Field emission regime of a scanning tunnelling microscope: studies of Er/W(110) Er silicide surfaces

Scanning field-emission microscopy (SFEM) remains an underutilized yet powerful technique in scanning probe microscopy [1]. This regime of scanning tunneling microscopy (STM) offers unique advantages over conventional STM by enabling elemental-specific contrast resolution at the nanoscale.

In SFEM mode, the metallic tip is retracted further from the sample than in typical STM, up to hundreds of nanometers, fully suppressing tunneling. A negative potential applied between the tip and sample generates primary electrons through field emission. SFEM provides access to elemental composition via absorbed current imaging—a level of specificity unattainable in the tunneling regime. Emitted electrons also represent a new electronic system analyzed in the macroscopic environment via an electron analyzer, enabling secondary electron imaging and spectroscopy [2].

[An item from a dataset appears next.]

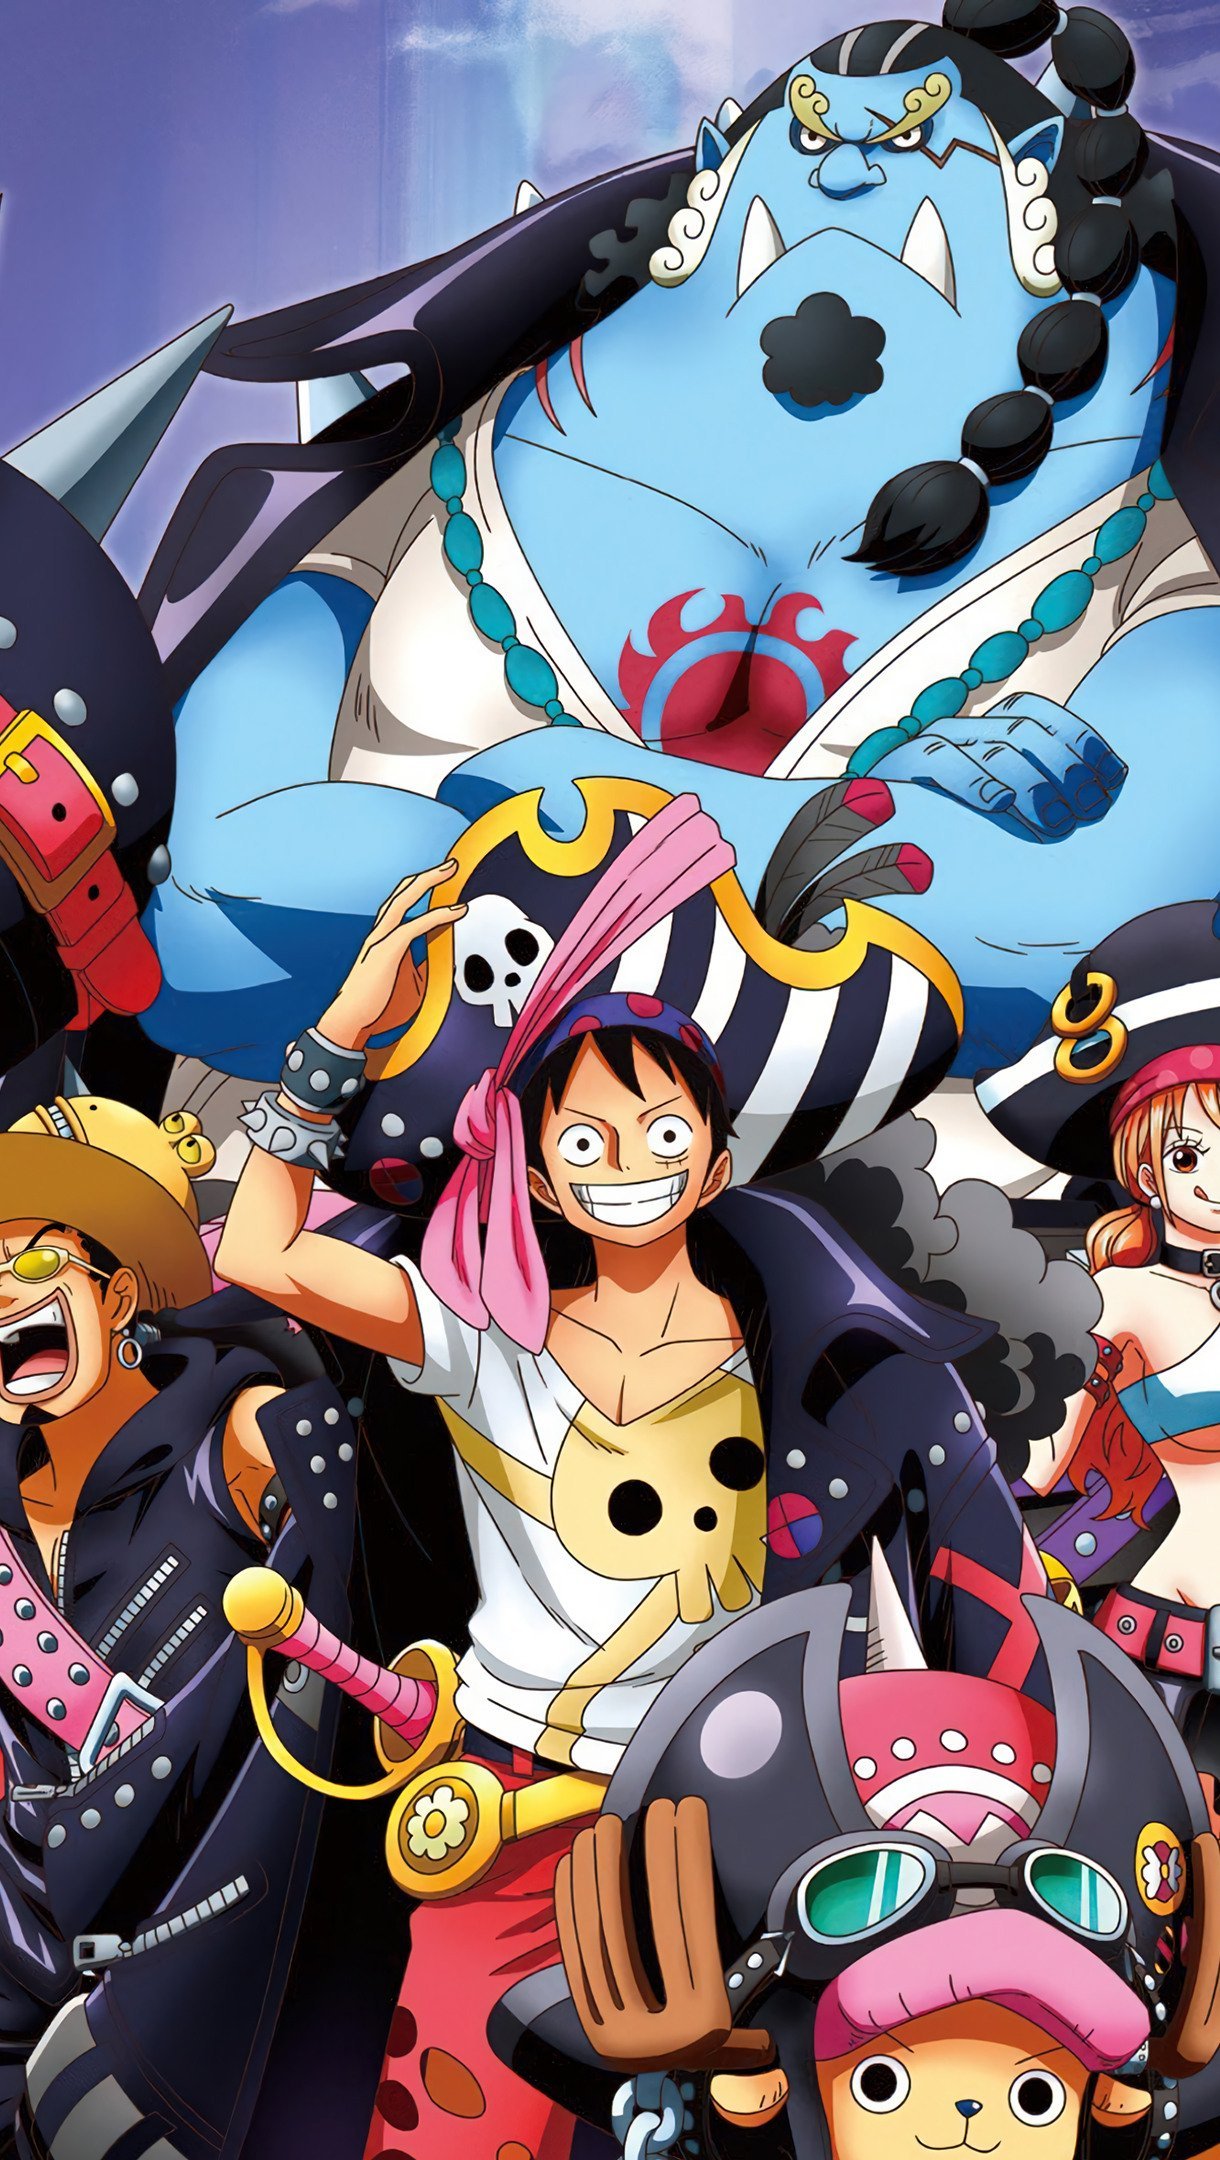 Personajes de One Piece Fondo de pantalla 4k Ultra HD ID:10552

We present interactions of Er-silicide nanostructures on Si(111) [3] and Er-/Fe-W(110) surfaces, with complementary STM and STS results. These surfaces provide a platform to explore the SFEM, creating a contrast based on intrinsic material properties not available from topological analysis. We show absorbed current and energy-filtered imaging alongside spectroscopy to refine low-energy electron analysis, demonstrating material-specific imaging beyond STM capabilities.

[1] J. J. Sáenz et al., Appl. Phys. Lett. 65, 3022 (1994)

[3] D. A. Zanin et al., Proc. R. Soc. A 472, 20160475 (2016)

[4] C. Woffinden et al., Phys. Rev. B 79, 245406 (2009)